Pikadon | |
Native Name: | ピカドン |
Director: | Renzo Kinoshita |
Producer: | Renzo Kinoshita Daizaburo Hayashi Toshihiro Komori |
Screenplay: | Sayoko Kinoshita |
Music: | Reijiro Koroku Production Nova |
Cinematography: | Satoru Isobe |
Studio: | Studio Lotus |
Runtime: | 8 minutes |
Country: | Japan |
Pikadon (Japanese: ピカドン Hepburn: Pikadon, "atomic bomb"[1]) is a 1978 Japanese short animated documentary war film anime,[2] produced and directed[3] by Renzo Kinoshita.[4]

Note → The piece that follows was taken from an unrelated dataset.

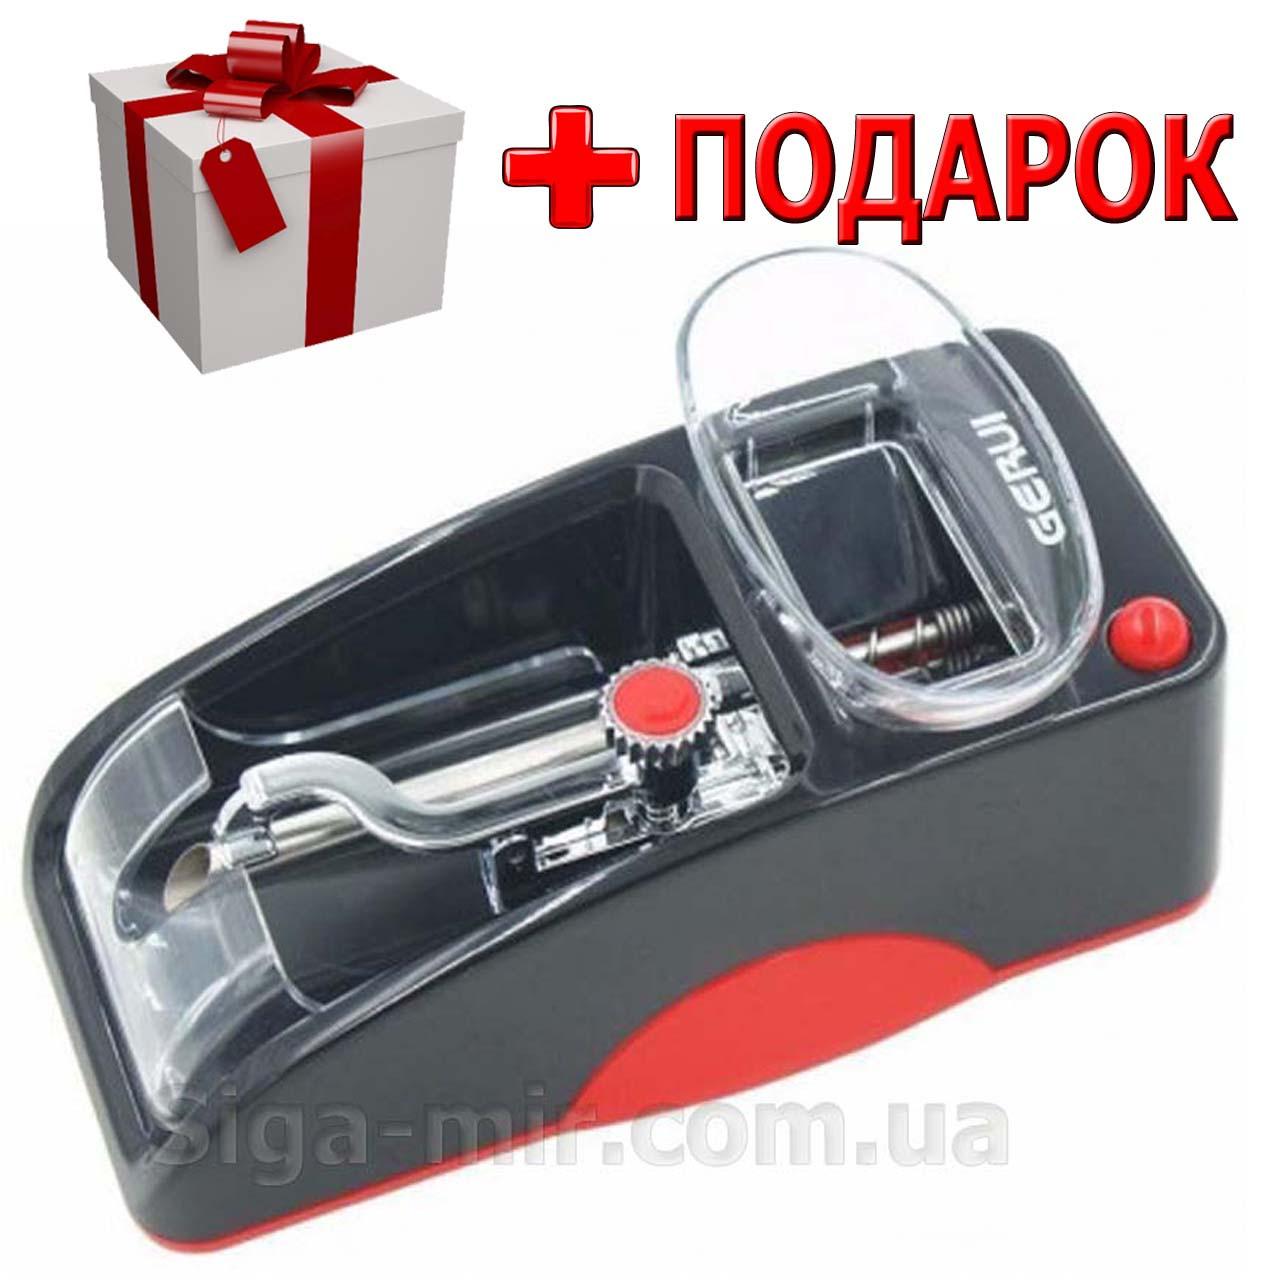 Электрическая машинка для сигарет Gerui GR - 12 - 005

The movie starts with depiction a normal morning in Hiroshima.
Although there is no protagonist, most focus is centered around a child playing with a paper plane. At the same time he throws his paper plane from his balcony and it falls, the atom bomb detonates, unleashing an unprecedented amount of destruction over people.

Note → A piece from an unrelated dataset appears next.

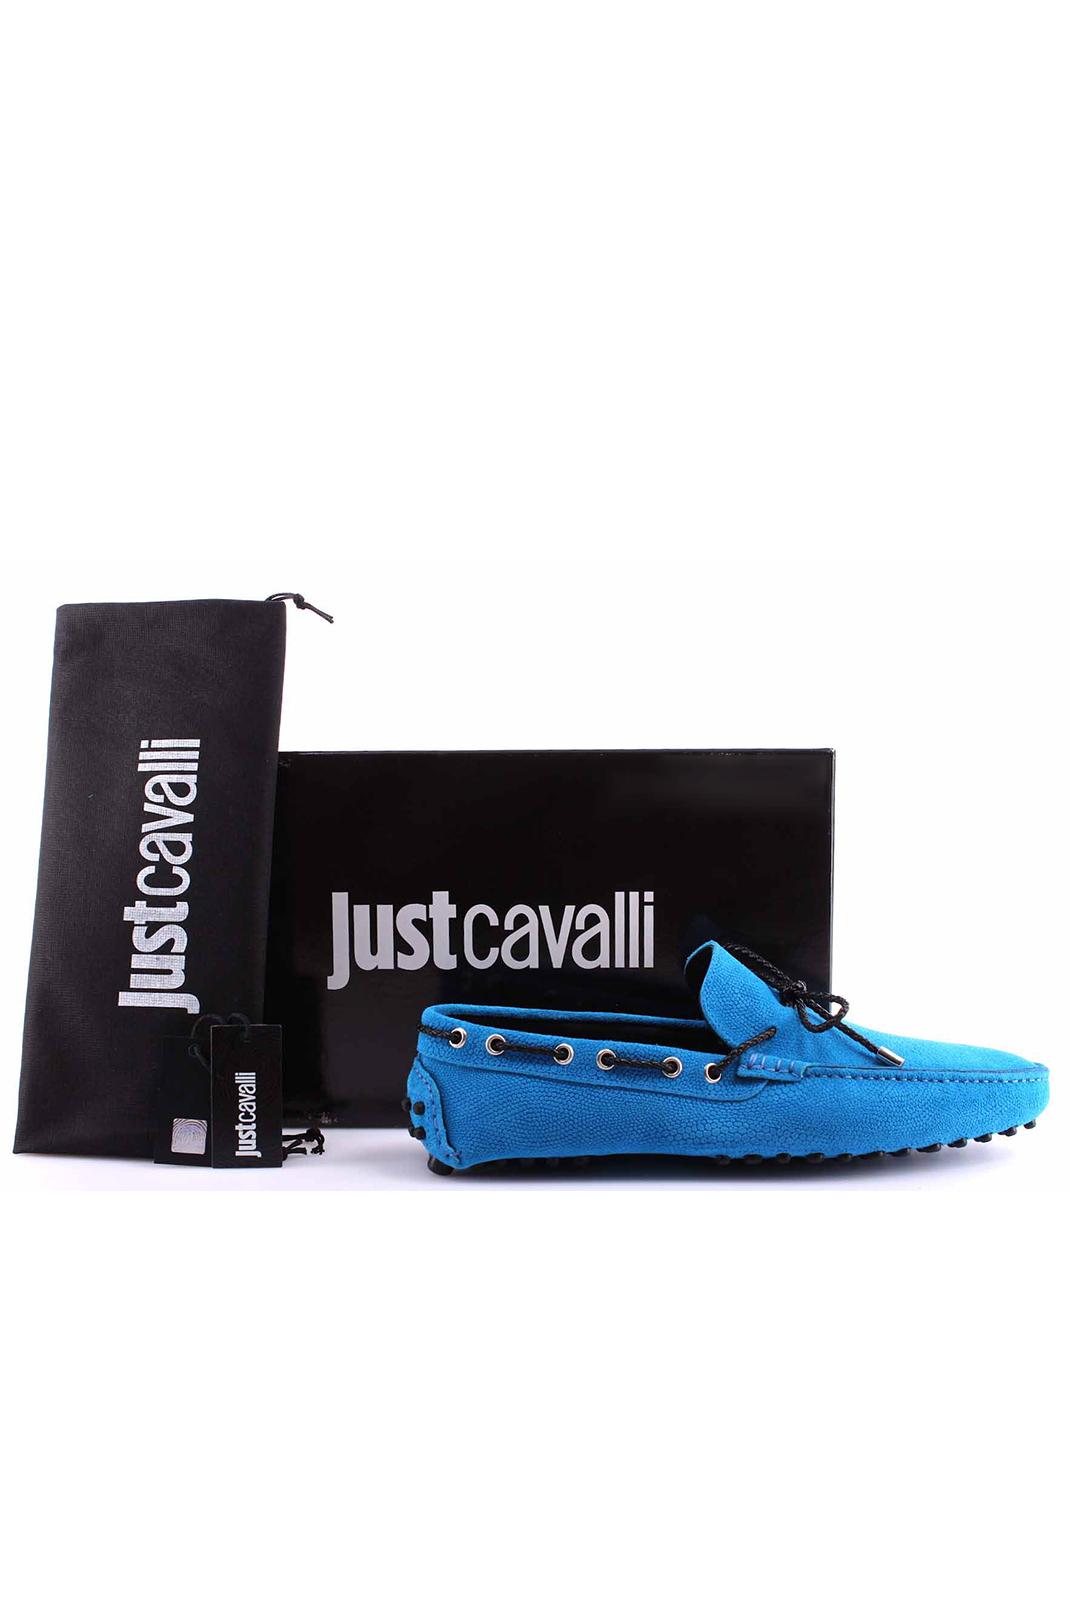 Chaussures de ville  Just Cavalli S12WR0035 (08581) 519 BLEU

People burn to death, survivors’ skin melts. This scene ends with the view a small burned figure near the dome, presumably the child.
Last sequence of the work shows the child throwing his plane again, the paper plane flying instead and passing over modern-day Hiroshima as a shadow.
This work is reported to be shown at Japanese schools as a reminder of the nuclear bombings. It is considered an obscure short film.